Prairie is close. Submandibular lymph nodes and salivary glands are both found in the lower jaw, but they are not the same thing. Salivary glands produce saliva and are part of the digestive system, while lymph nodes are part of the lymphatic system which is part of the immune system. Horses have 4 sets of salivary glands: ones under the tongue, ones in the cheek, ones that run along the large rounded ends of the jawbone and smaller ones below each ear. The ones below each ear can become enlarged and the condition, officially known as parotiditis, is often called Grass Glands. This swelling of the parotid salivary gland is believed to be related to an allergic reaction to an inhaled irritant such as pollen, dust or mold. For a horse that is not on pasture, the reaction can still occur but it is more likely to be due to an airborne irritant inside the barn such as dust, mold, or even the type of bedding being used in the stall.


----------



## KigerQueen (Jun 16, 2013)

its a pipe stall and its just dirt. the stall is NEXT to the wall of a barn so the ventilation is not the best. im going to remove some of the rubber stall siding from part of her stall to alow more airflow.


----------



## LoriF (Apr 3, 2015)

Hmm, I've never heard of or seen grass glands before either. At least I was never aware of it.
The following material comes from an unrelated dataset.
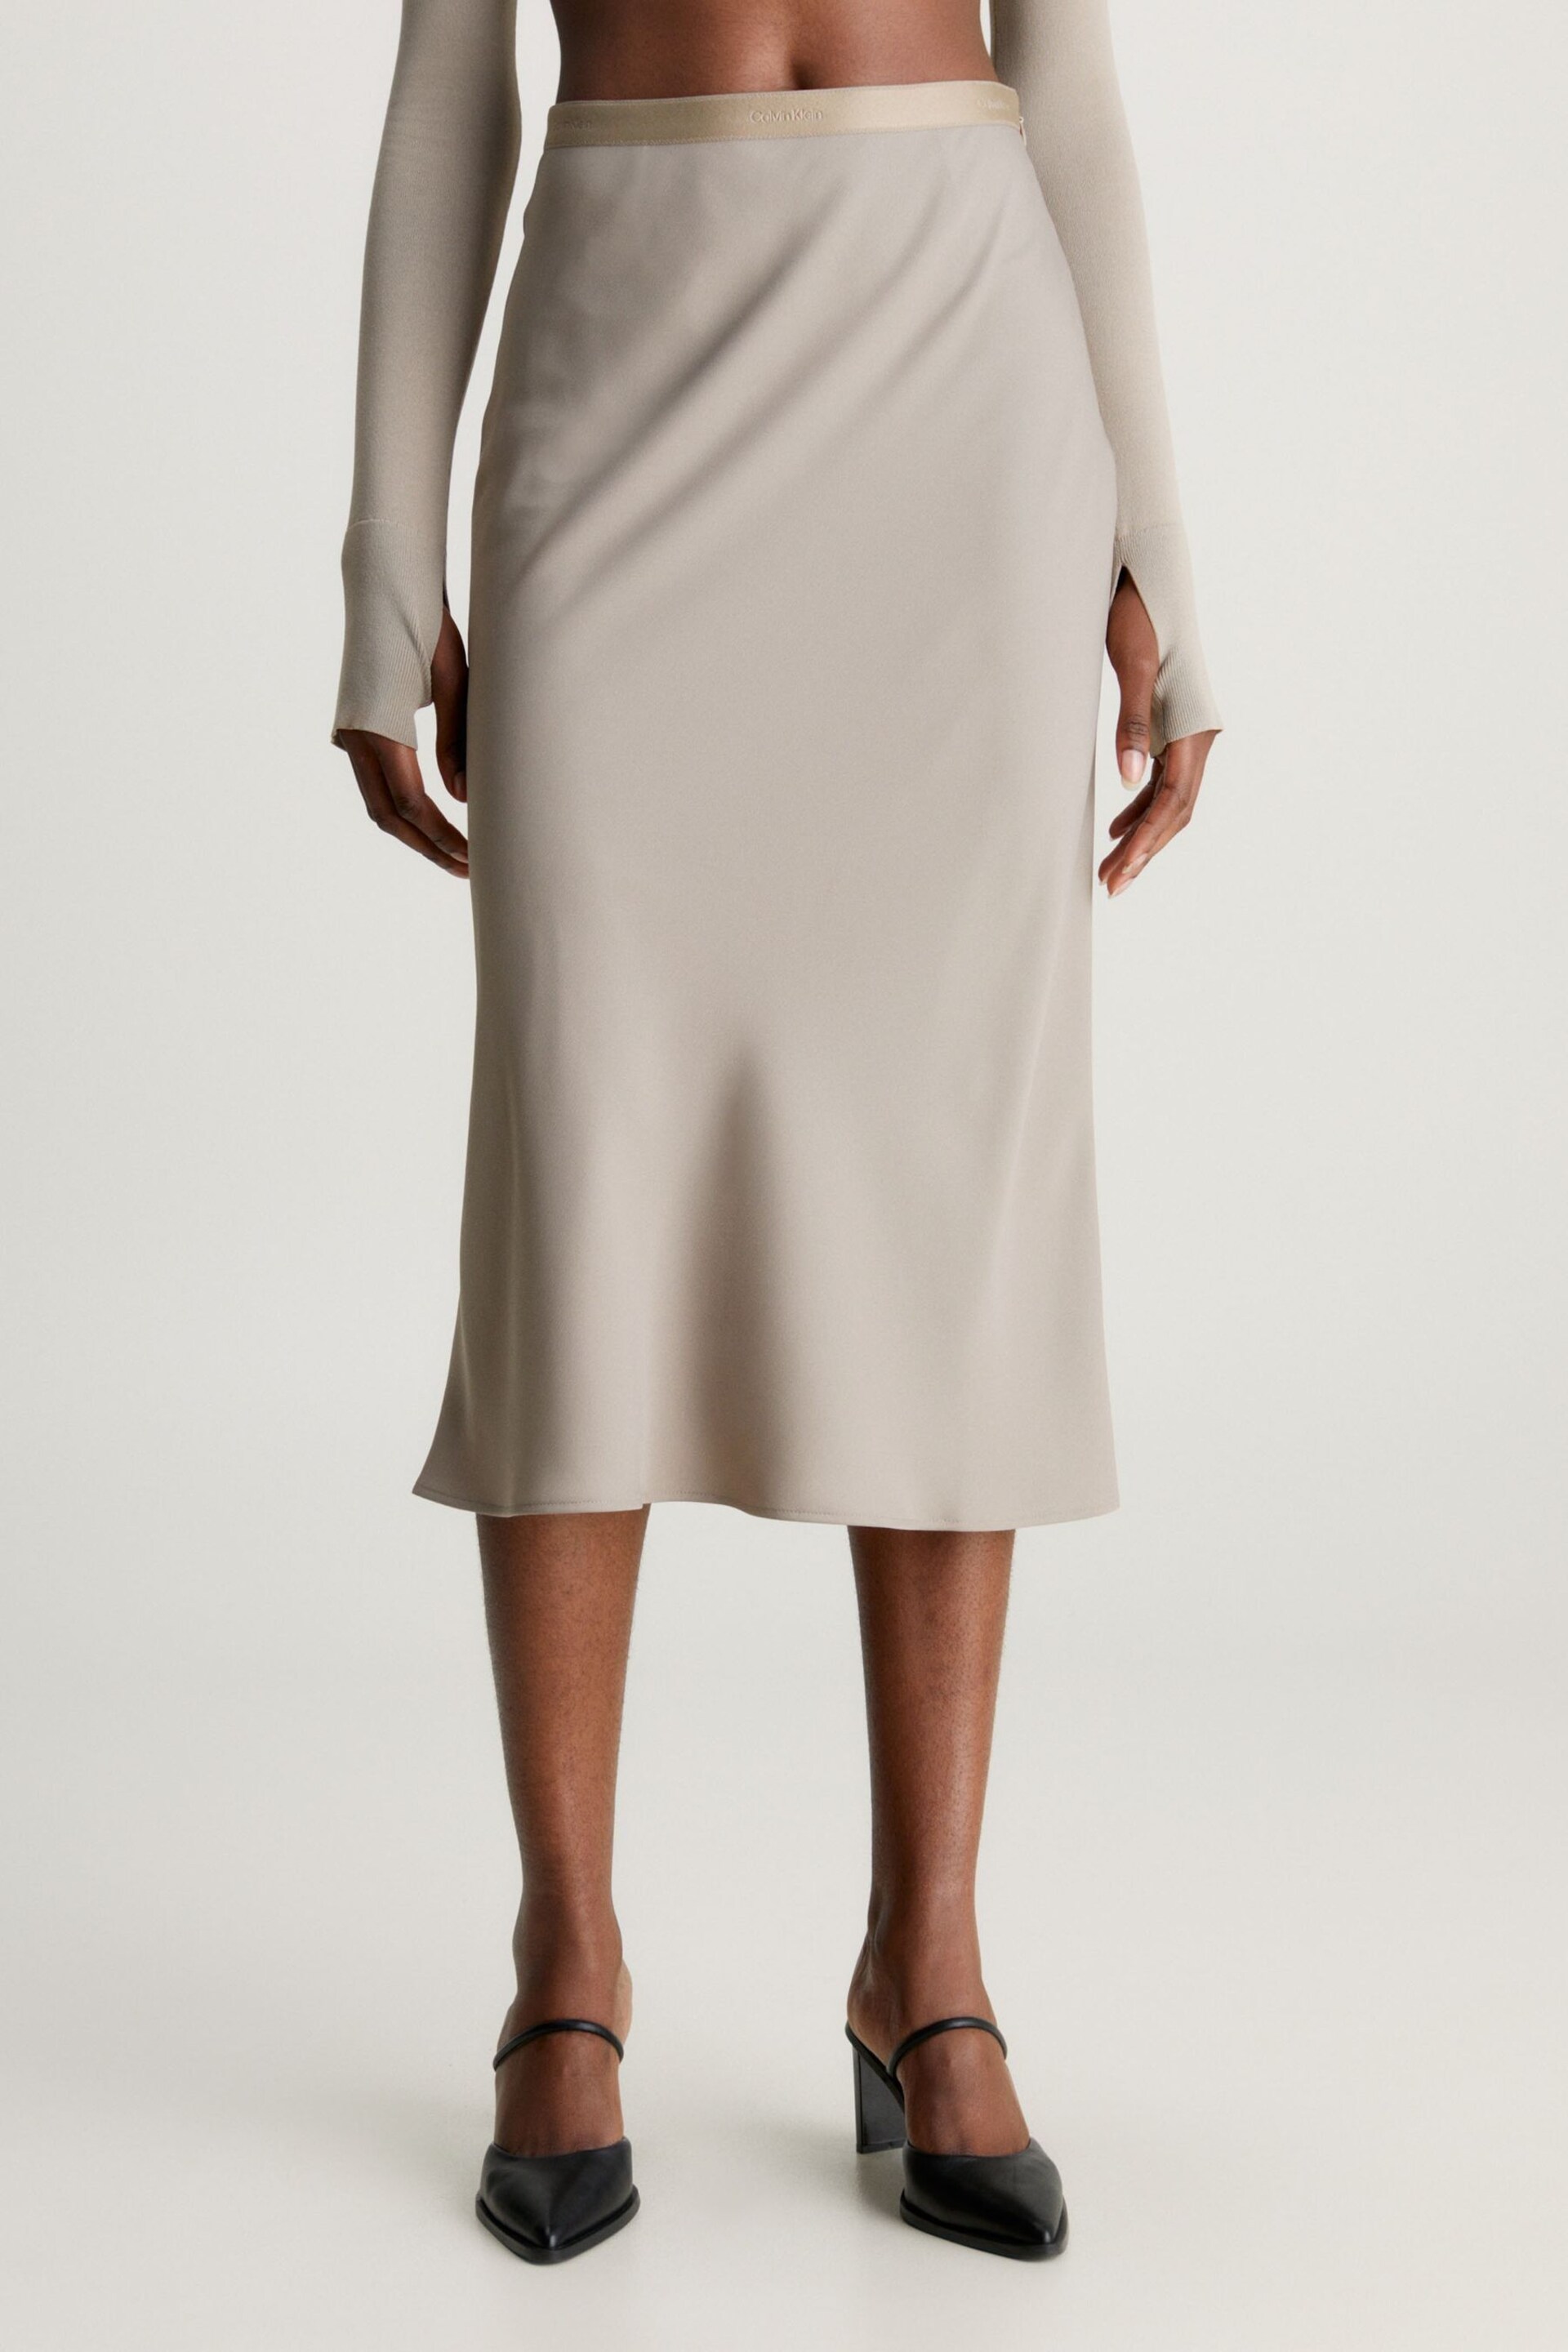 Calvin Klein Grey Recycled Midi Skirt - Image 1 of 5

I'll have to add that to my research list.


----------



## natisha (Jan 11, 2011)

One of mine had grass glands one year. She's also an Arabian, not that that should matter.
Vet said it was a kind of perfect storm situation. There is some kind of mold or fungus (?)that grows on grasses under certain conditions of the right (or wrong) heat & humidity level. Not all horses are bothered by it but some are, like mine. In my case it was only in the pasture that is tree lined.

No treatment except keeping her off that pasture. In your case it has to something besides pasture though who knows what.


----------



## walkinthewalk (Jul 23, 2008)

The grass glands on both of my metabolic horses would slightly enlarge in the Spring.


----------



## cbar (Nov 27, 2015)

Oddly enough I've never noticed that on my horses before. This year my older gelding has the swelling and it is quite noticeable. The other gelding only slightly. My filly not at all. I still put a call into my vet just to make sure.


----------



## beverleyy (Oct 26, 2011)

Does she have a temp? Any nasal discharge? Acting normal?
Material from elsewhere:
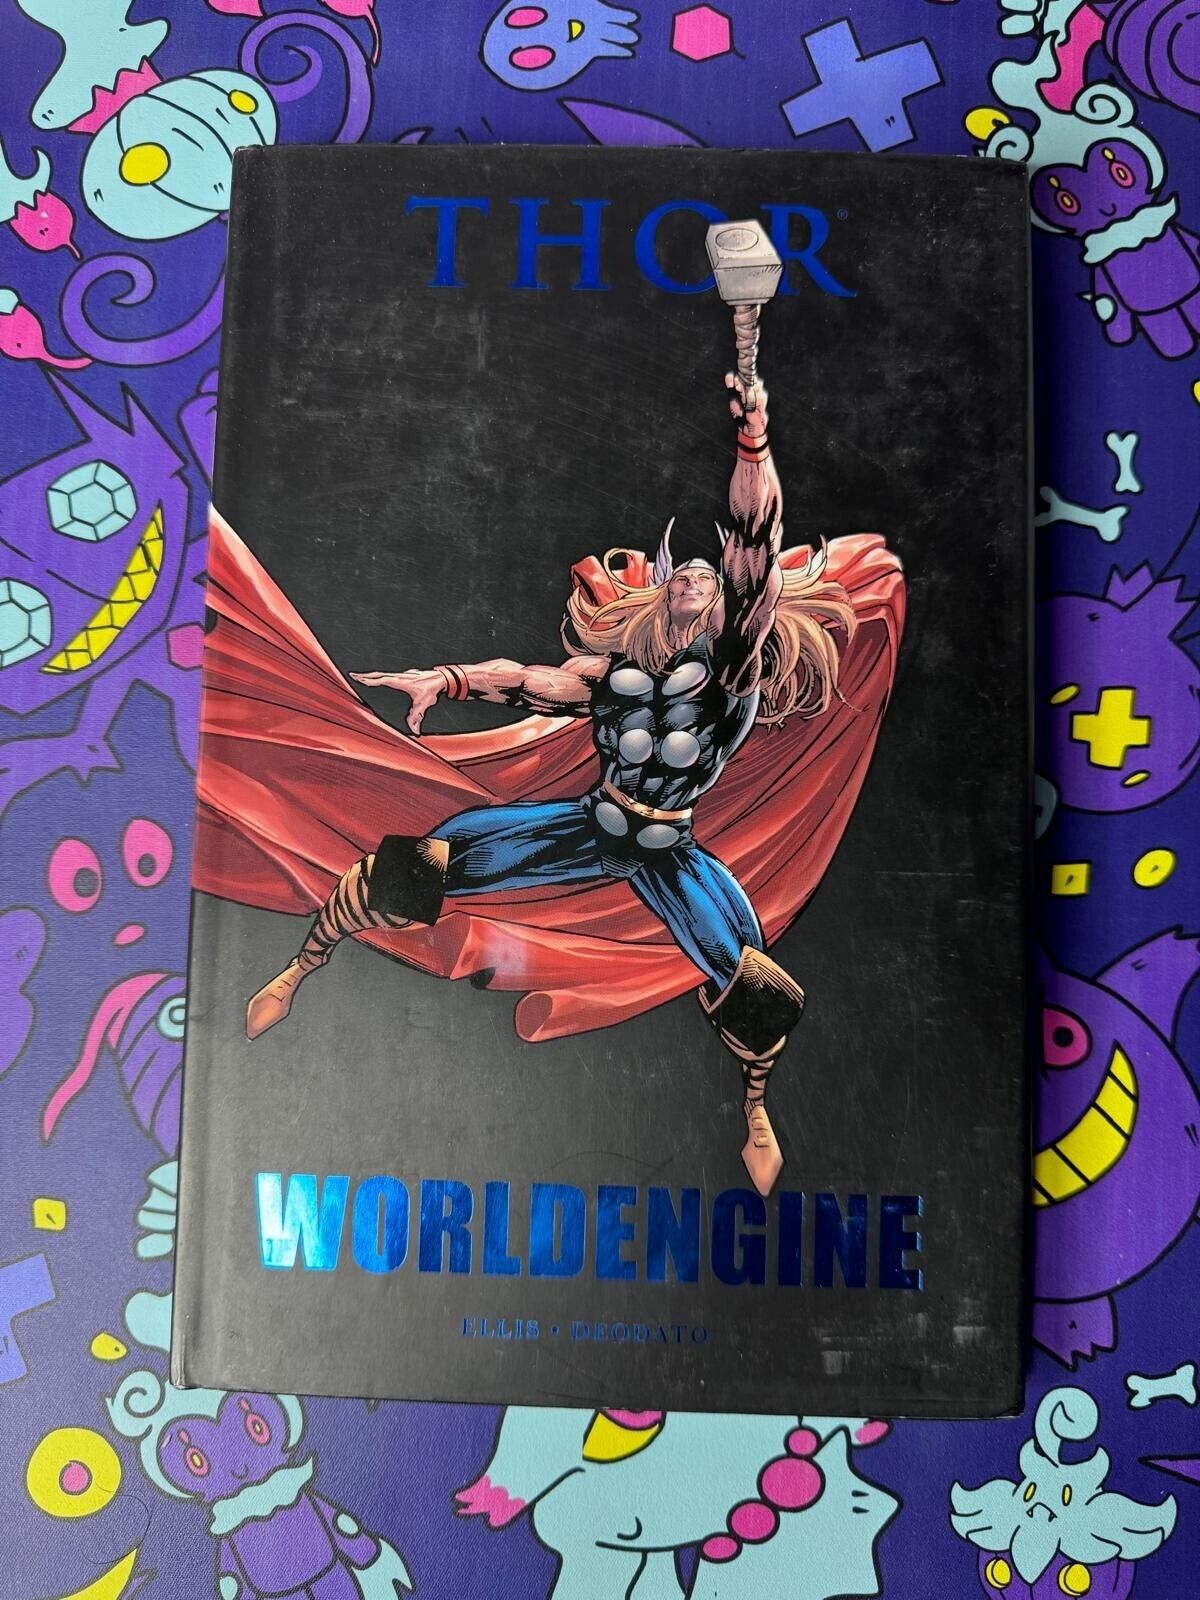 Thor: Worldengine Hardcover (Marvel, 2011) by Warren Ellis Mike Deodato Complete

My pony gets this every year, though she is out on grass 24/7 + 365 days per year unless it's hurricane weather. A couple of my BOs horses get this as well. So since mine is always on grass, I can't say I've ever seen grass glands without the grass. 

Interested to see if you figure it out!


----------



## KigerQueen (Jun 16, 2013)

well she had it the next day and its been on and off. has not been on grass in over a week and wont be for another. i am hosing off her stall to help with the dust. she is 100% normal and no temp. no discharge or anything outside of the normal. took her for a walk and she was VERY Excited for that lol!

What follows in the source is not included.